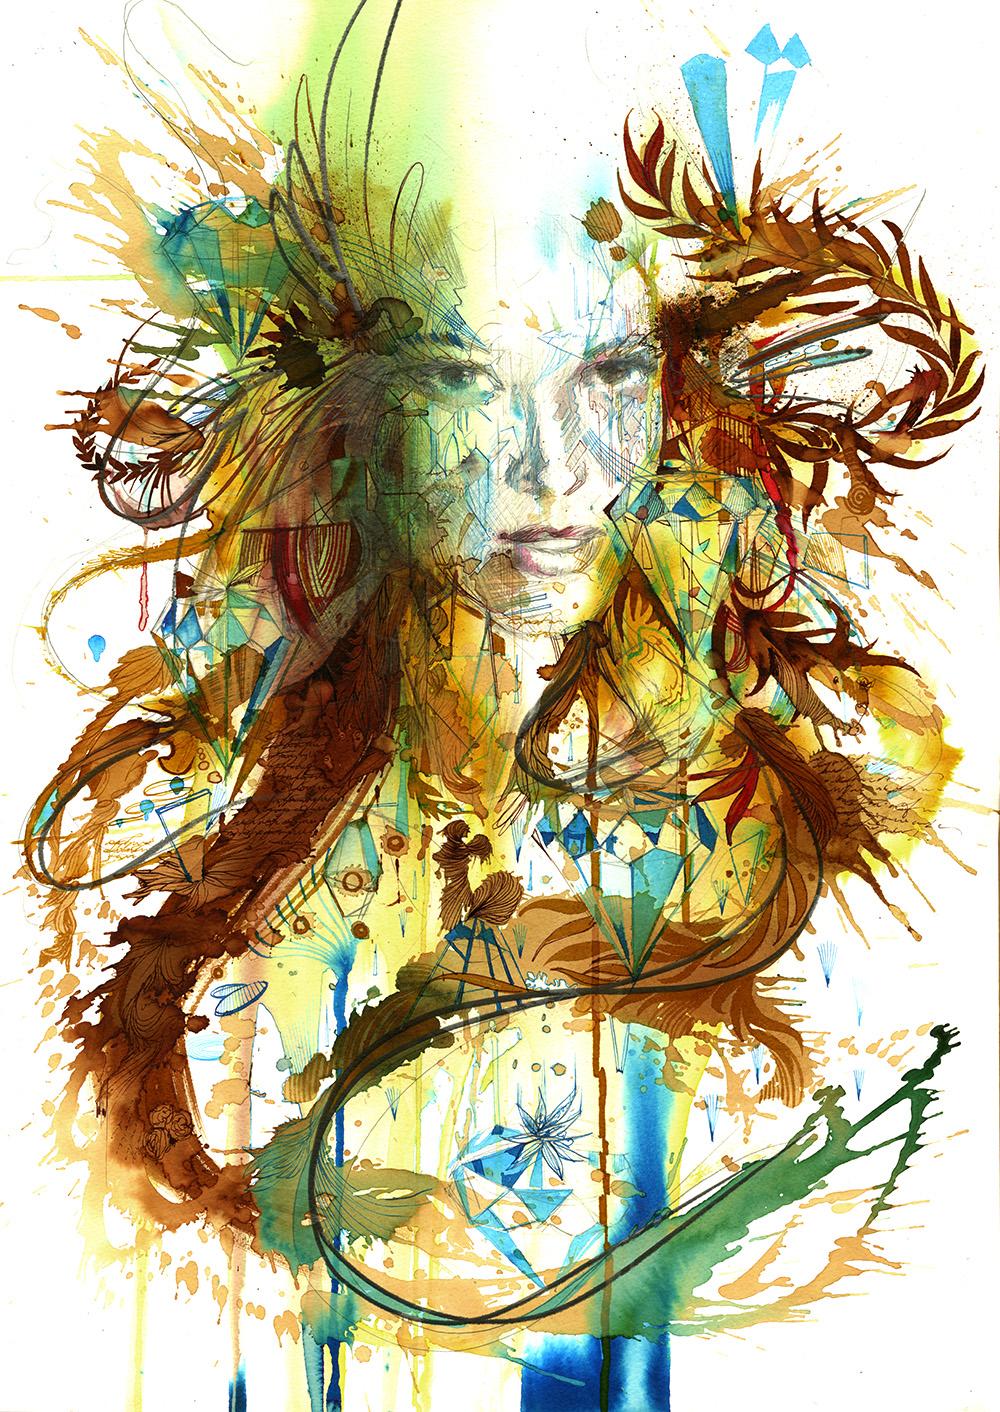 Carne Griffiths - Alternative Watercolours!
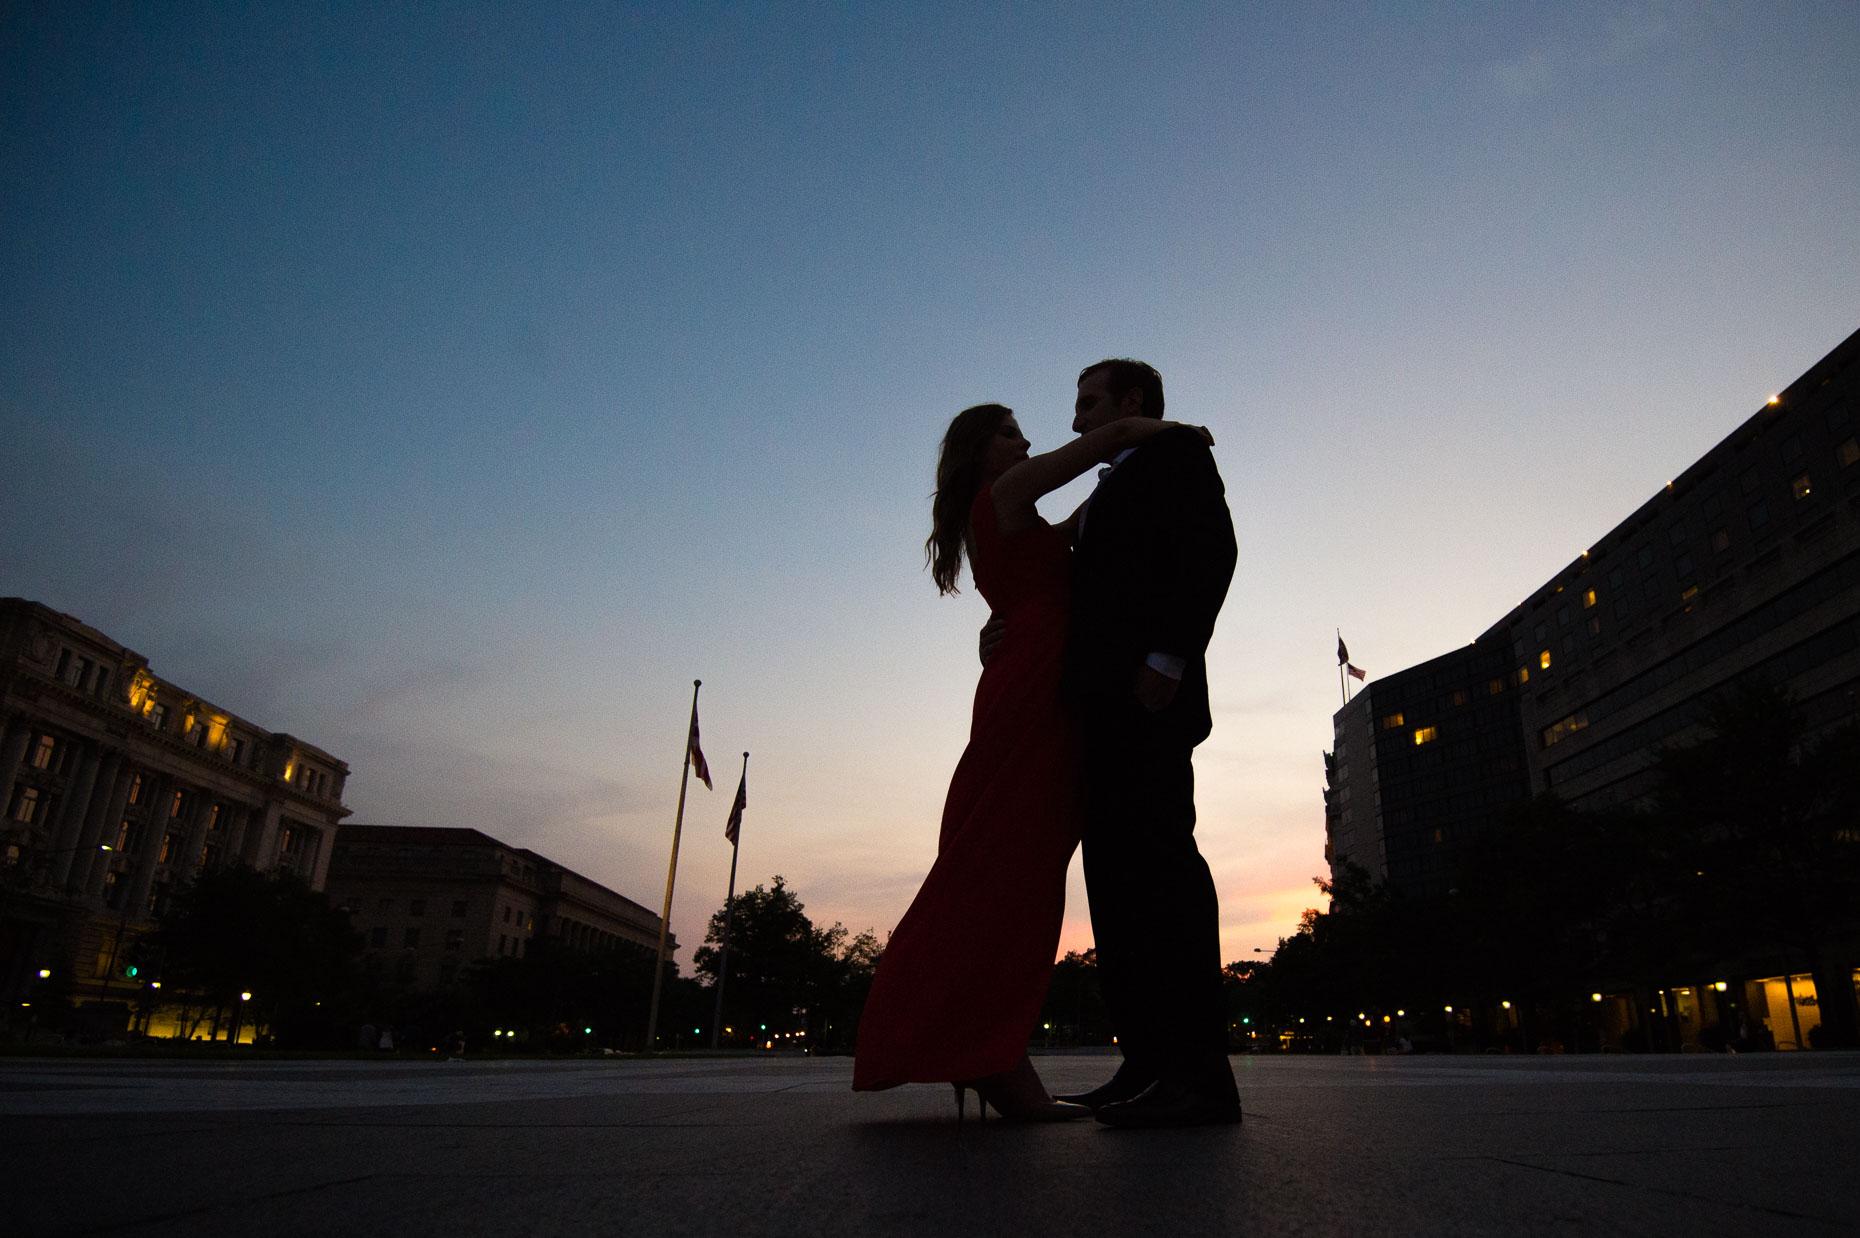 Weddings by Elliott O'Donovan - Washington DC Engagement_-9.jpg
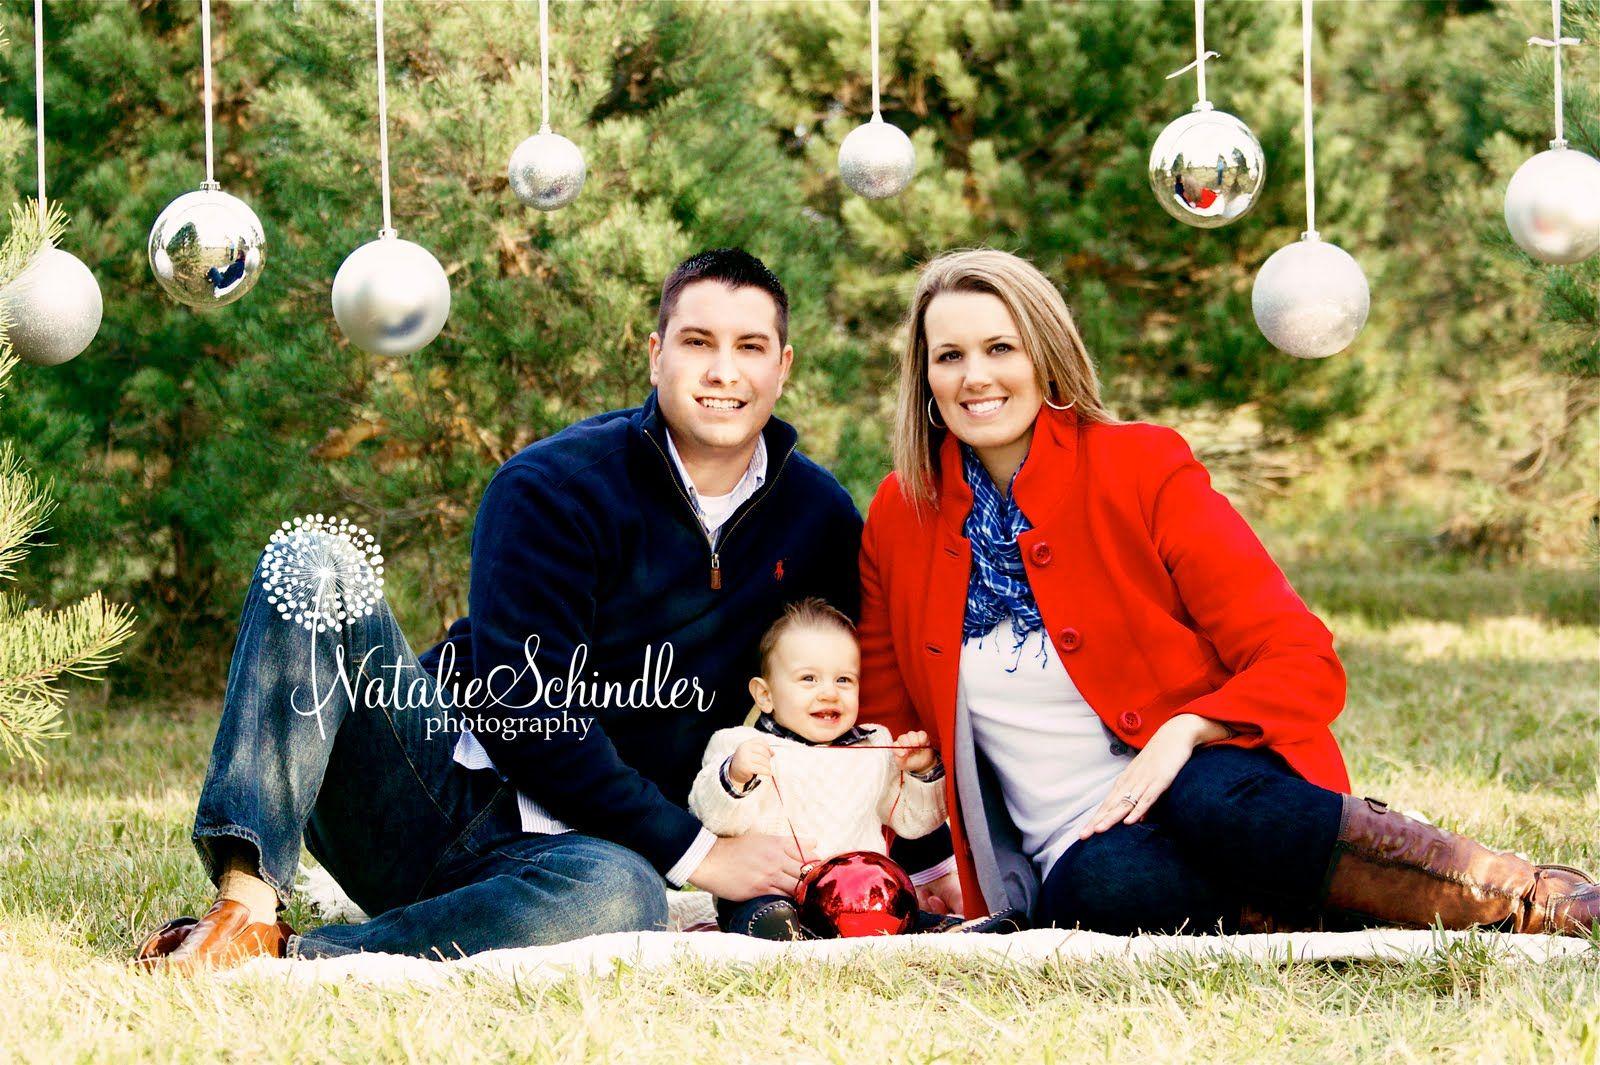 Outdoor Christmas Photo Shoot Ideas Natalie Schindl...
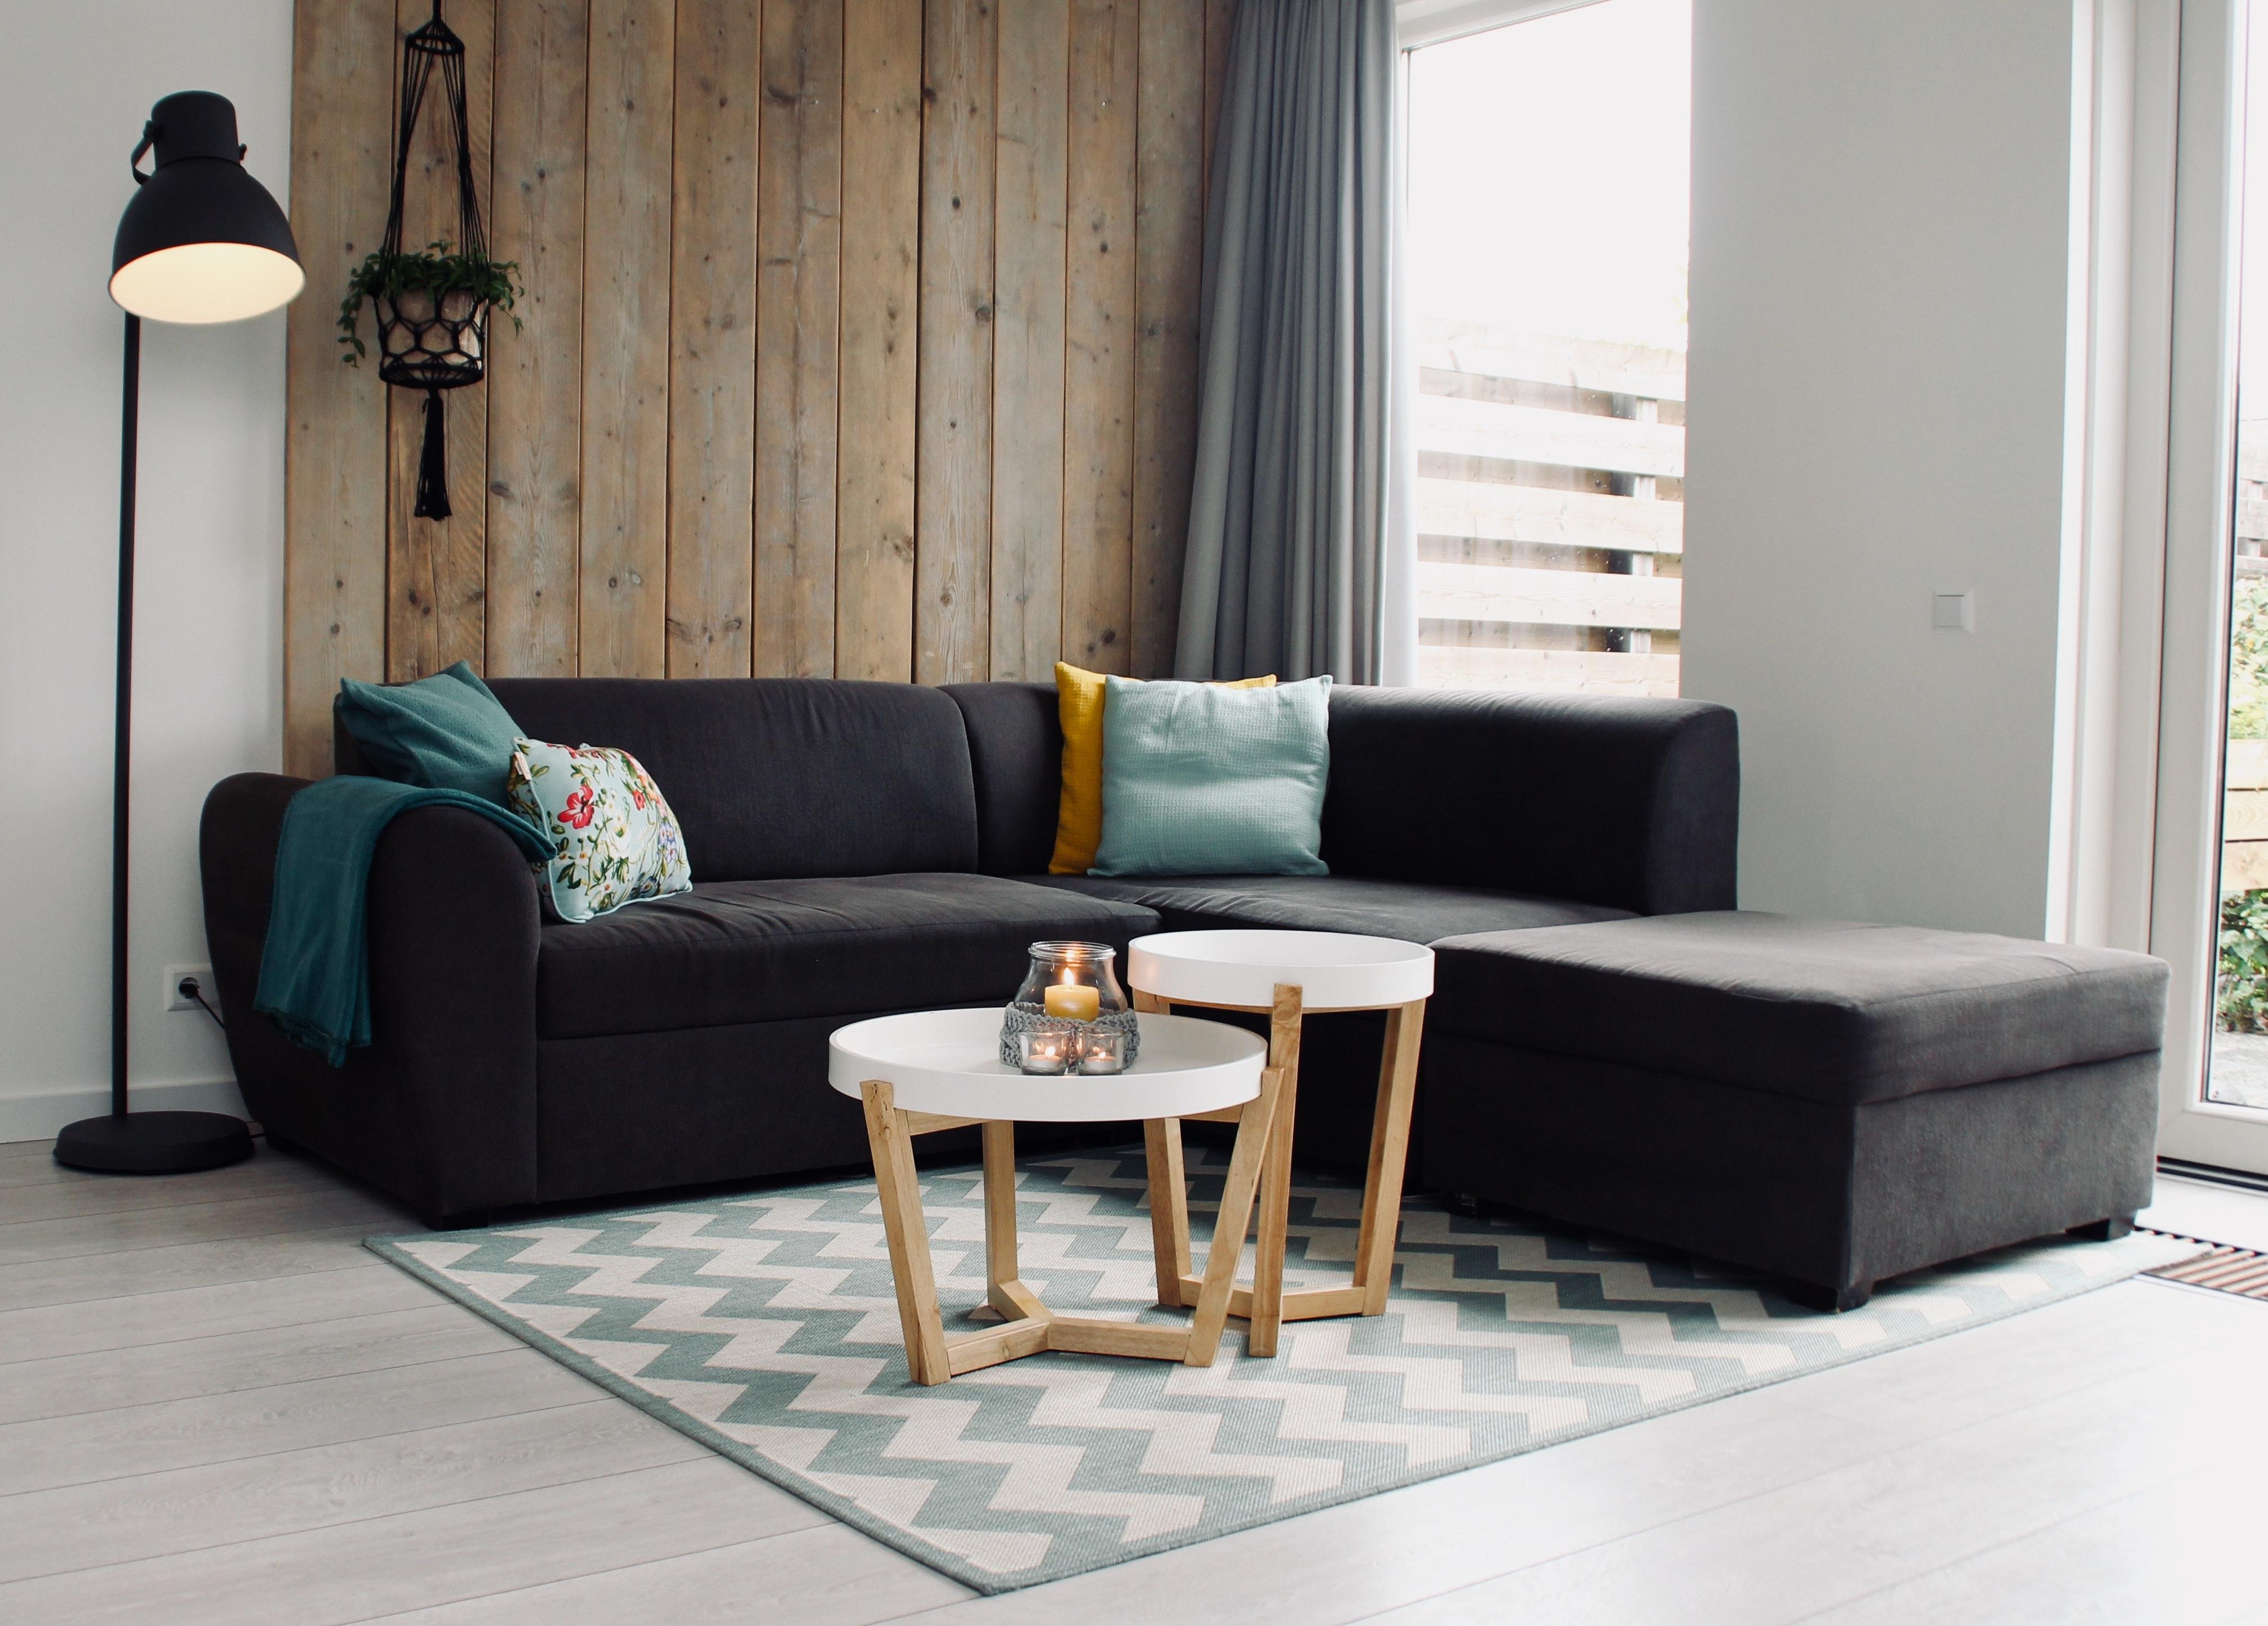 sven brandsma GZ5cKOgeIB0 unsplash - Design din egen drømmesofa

Exercise details -
Give back the listing exactly, with the pictures removed.

Final answer -
 Carne Griffiths - Alternative Watercolours!
 Weddings by Elliott O'Donovan - Washington DC Engagement_-9.jpg
 Outdoor Christmas Photo Shoot Ideas Natalie Schindl...
 sven brandsma GZ5cKOgeIB0 unsplash - Design din egen drømmesofa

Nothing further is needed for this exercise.